A former teacher, bright as a button but scarcely mobile. Out of the house she is wheelchair bound.
For some reason, she knows not why, out of the blue, she received a letter from the hospital asking her to attend on a Saturday at 0830hrs, for imaging. She had an operation some time ago and feels fine.
No one asked her if it was convenient.
It’s impossible. She depends on rising services and they never attend before 0930hrs. Rescheduling, maybe but it would mean her getting up at six in the morning.
A phone call and a lot of palaver got the appointment changed to another Saturday, later in the morning.
- Getting a scan follow up… quality.
- On a Saturday… for working people… quality.
Next, how to get there. The hospital appointment-lady doesn’t do transport. That’s the responsibility of the GP. The practice says it’s nothing to do with them; ring patient transport at the hospital.
Patient transport at the hospital doesn’t do out-patient transport, that’s somebody else…
Call them…
… they’re not sure they can do it on a Saturday… oh, no… yes… sorry, we can.
There follows an intrusive interrogation about family support, living allowance, benefits entitlement, NHS number, the condition, the reason for the visit, mobility questions, transfer assistance… that no unregulated stranger should ask on the phone.
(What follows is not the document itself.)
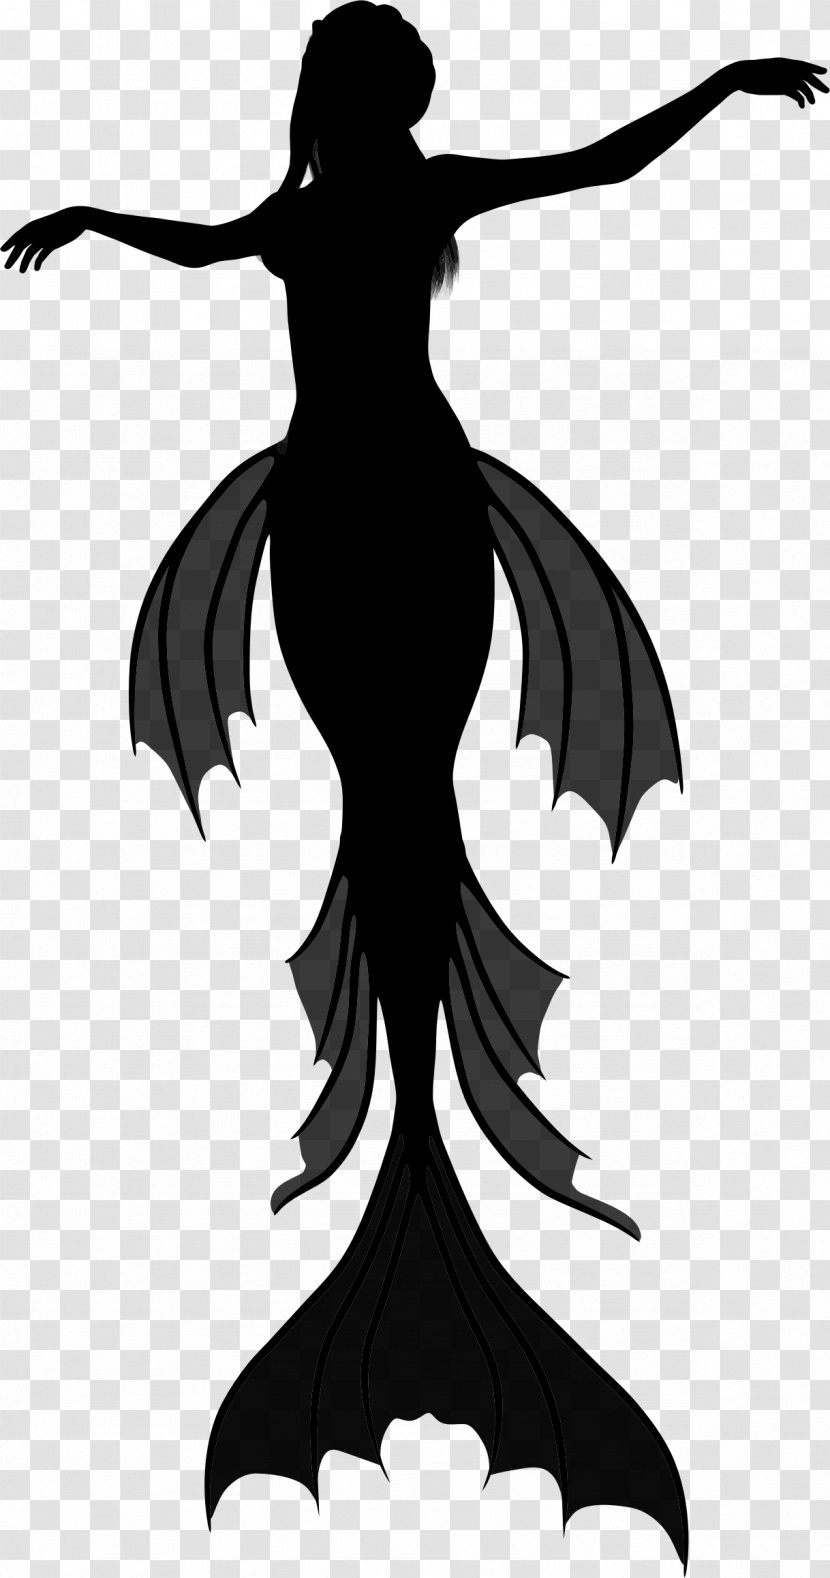 Silhouette Mermaid Fairy Tale - Tail Transparent PNG

‘Well you see, some people pretend they need transport, but they don’t, they just don’t want to pay for parking….’
Really, I wonder why!
Then the cracker question; ‘How long will you be at the hospital?
Dunno, how long will a scan take, is there a queue, are they fully staffed at weekends.
‘Please ring the scan department and ascertain how long the procedure will take… so we can arrange pick-up for the home journey’
Scanner department;
‘We are unable to give a time as it depends on the mobility of patients, other pressures and demand…’
I ring the transport people and lie;
‘It will take an hour…’
Discounting the time it takes for everyone to answer the phone, the job-weary brittleness of the tone, the duplicated questions, the fact I have to lie and the whole dammed horrible, demeaning, clunky, nasty experience… the final straw;
‘It’s not free, the GPs have to pay for this you know…’
Actually they don’t. We do, it’s our money.
It’s a quality service to have a scan at the weekend. It’s a quality service to be able to get transport if you are a signed-up member of the Blue Badge club. It might be a quality service to commission a dedicated, expert transport service… maybe.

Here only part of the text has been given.